> Task
Retype each line below precisely and omit all images.

> Collected material
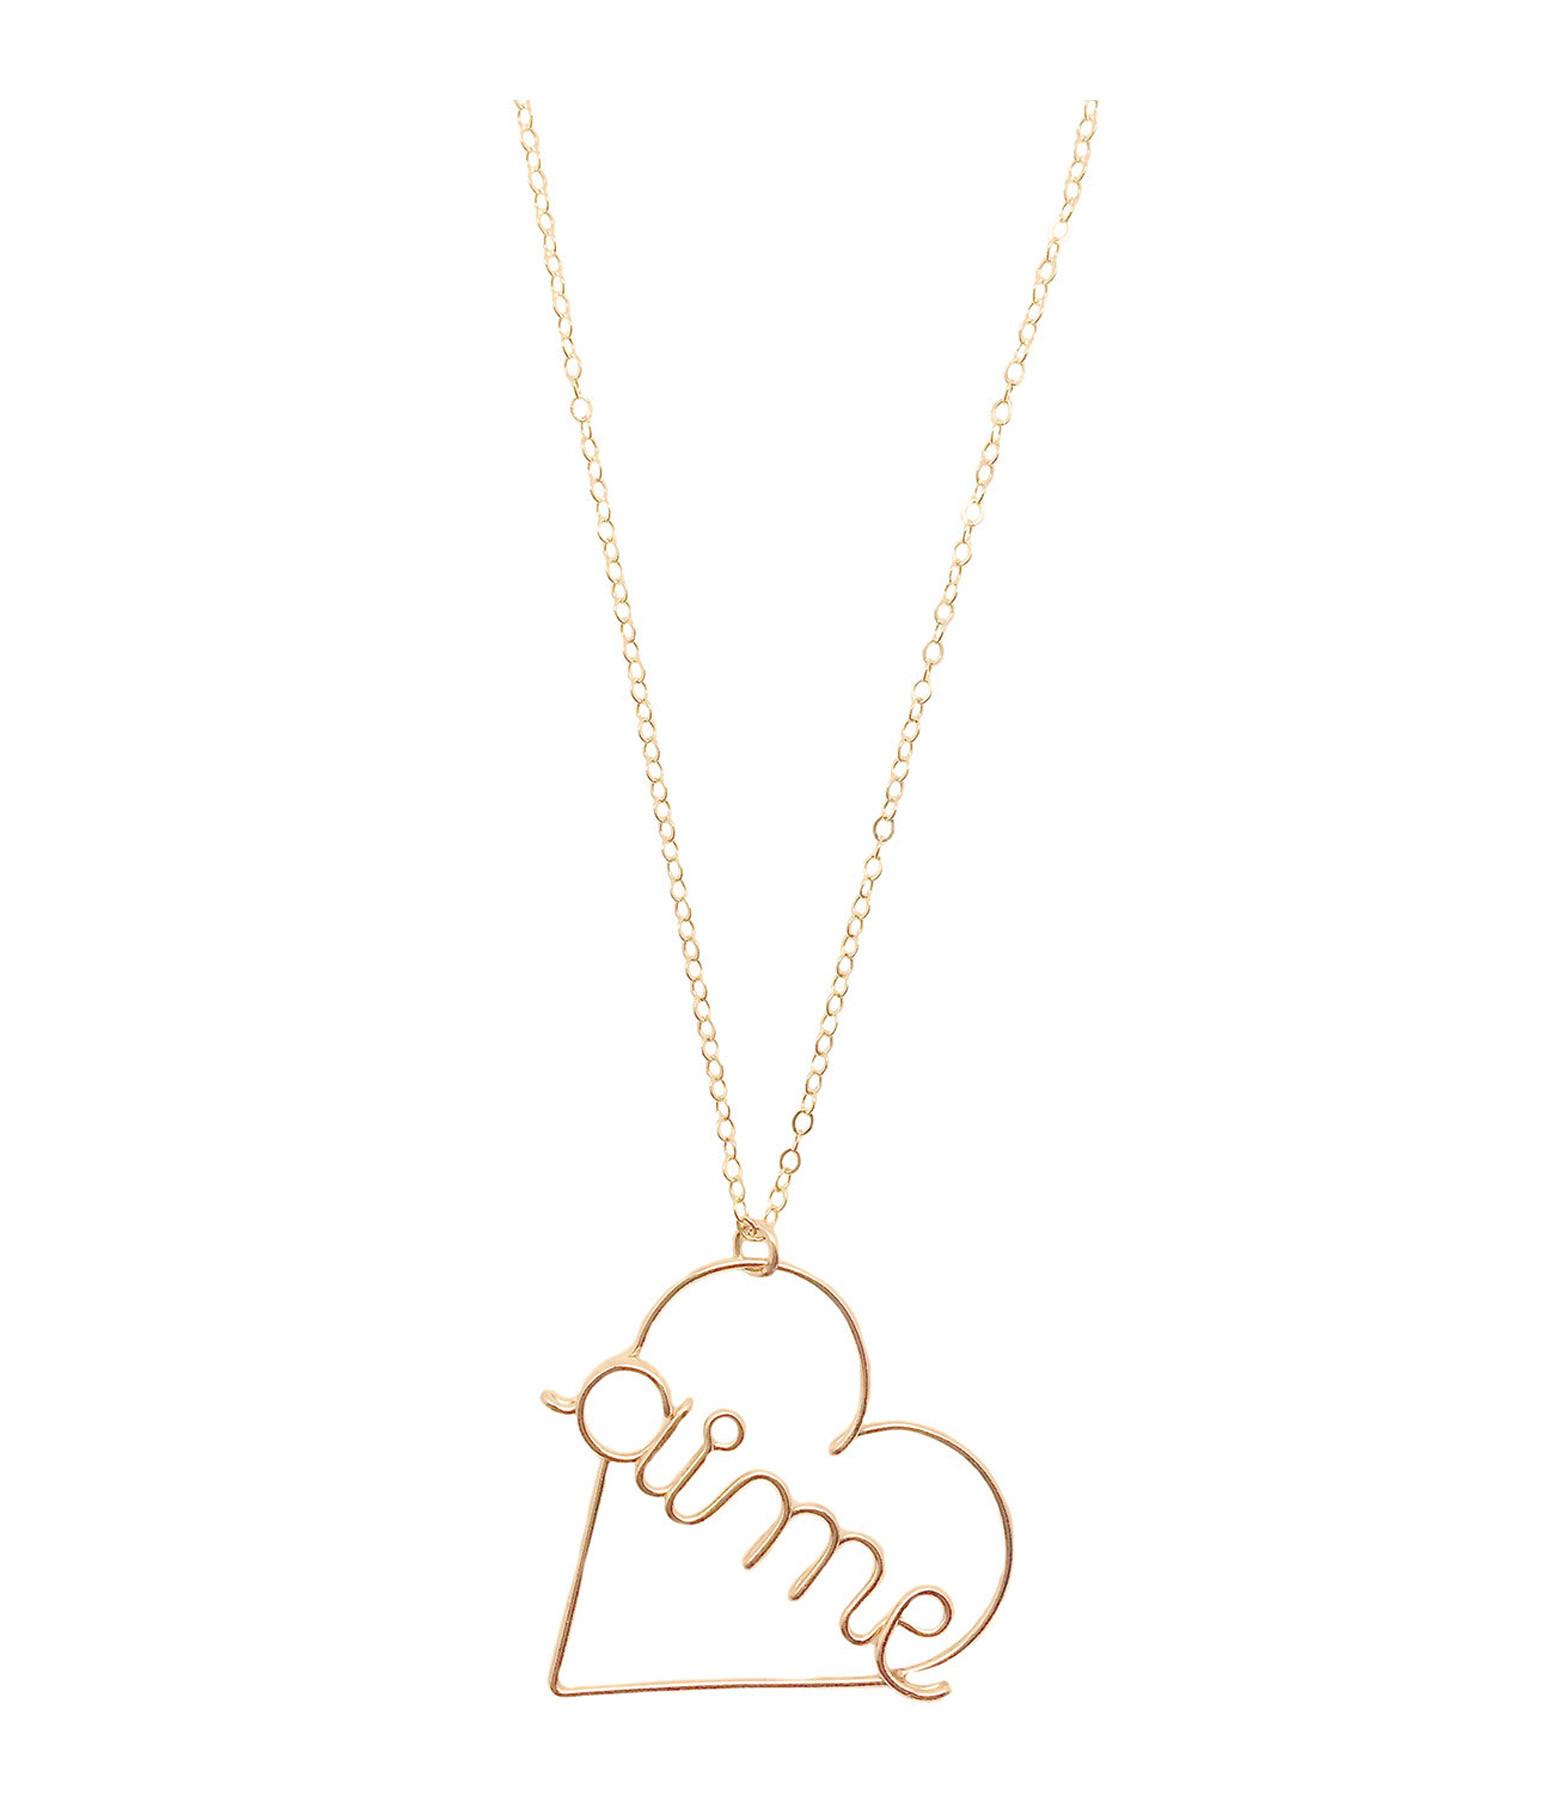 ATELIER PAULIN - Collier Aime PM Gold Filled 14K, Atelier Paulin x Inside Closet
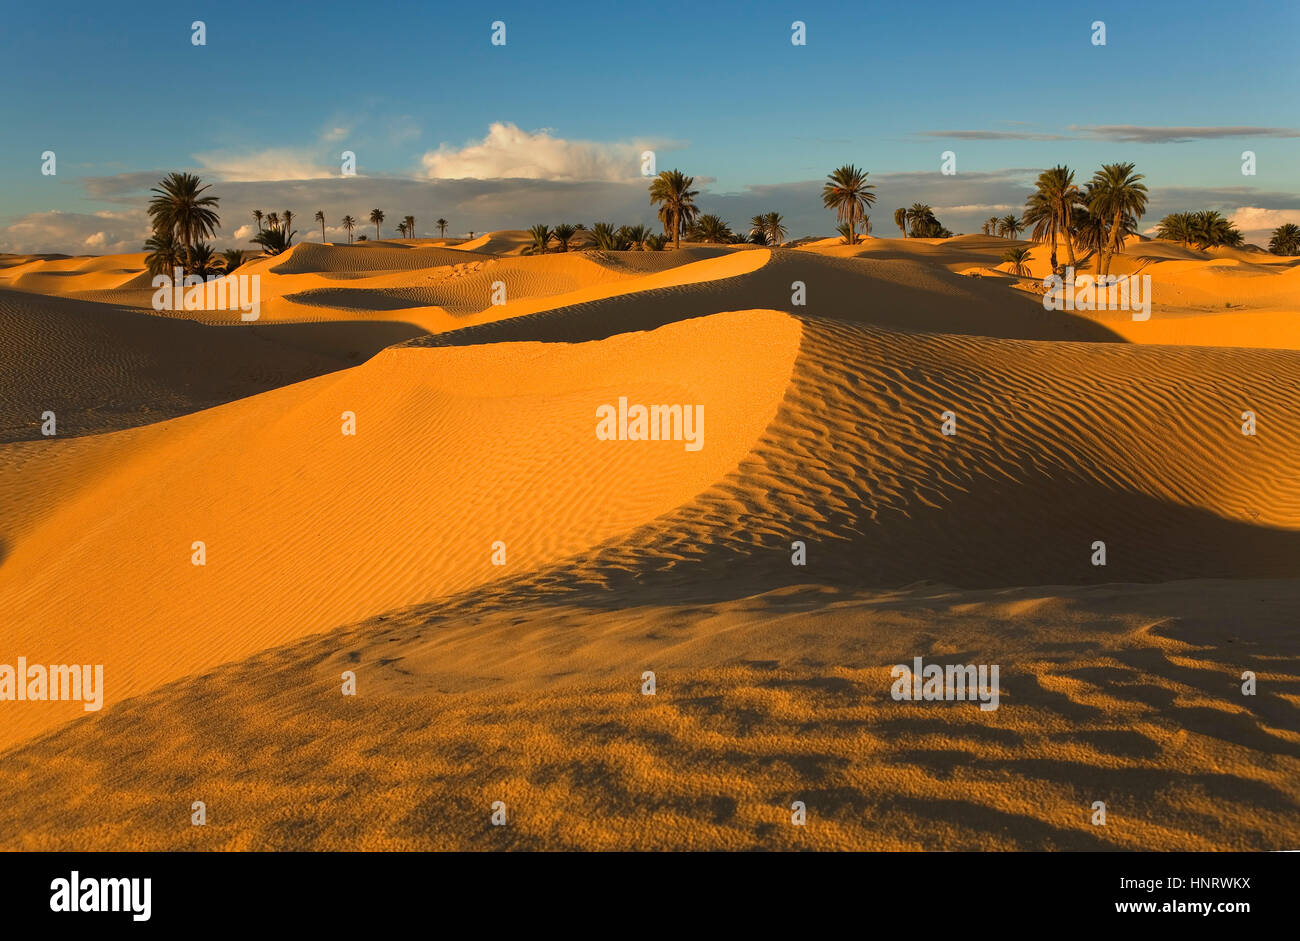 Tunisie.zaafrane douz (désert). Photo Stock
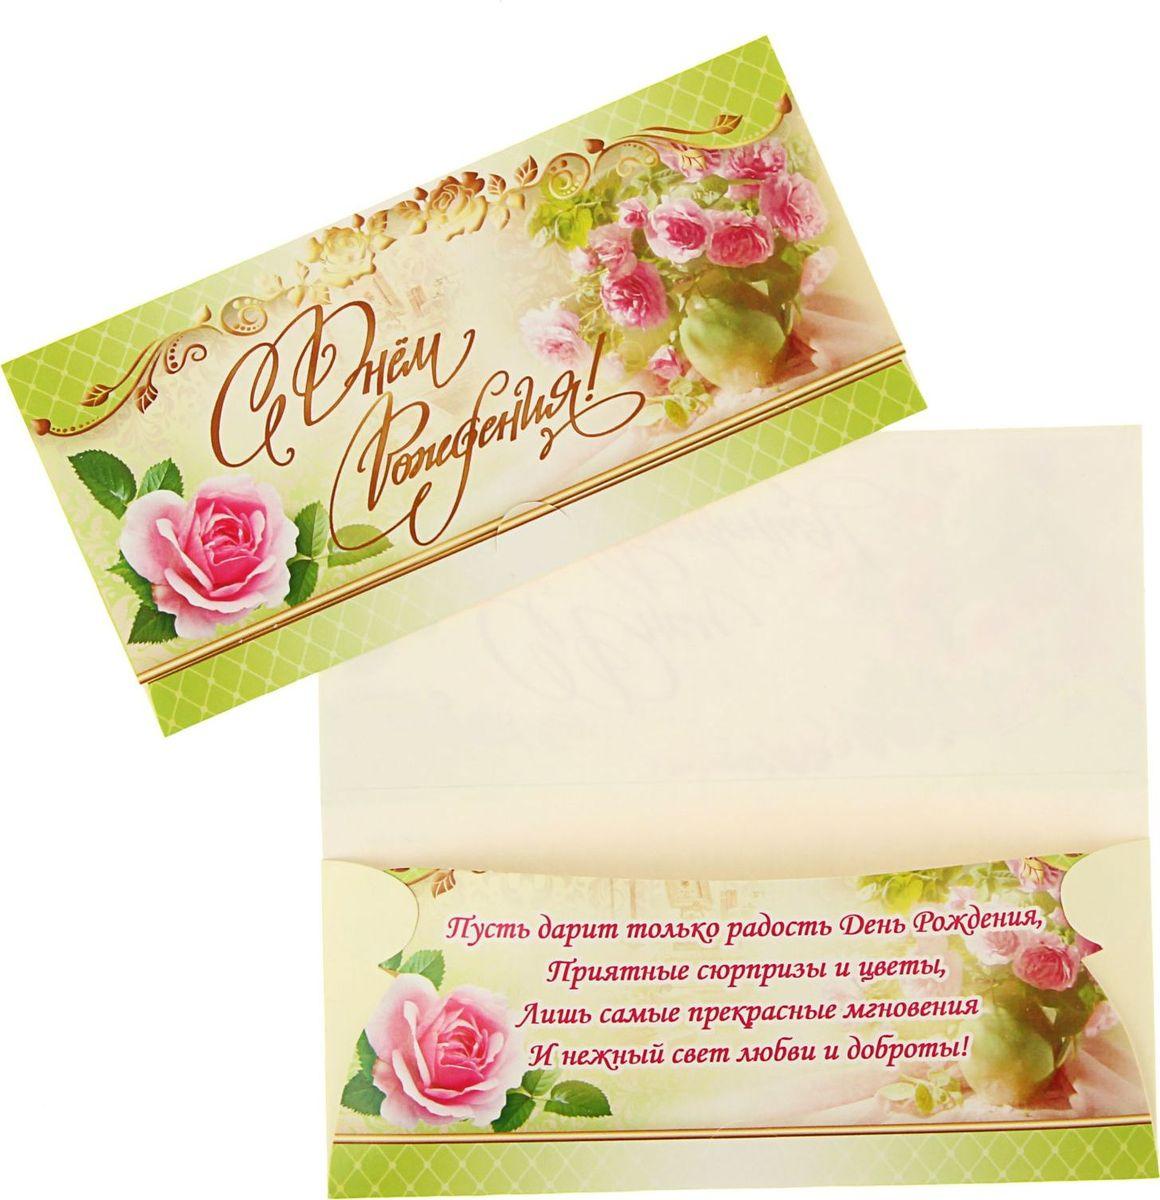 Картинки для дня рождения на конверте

> Finished task
 ATELIER PAULIN - Collier Aime PM Gold Filled 14K, Atelier Paulin x Inside Closet
 Tunisie.zaafrane douz (désert). Photo Stock
 Картинки для дня рождения на конверте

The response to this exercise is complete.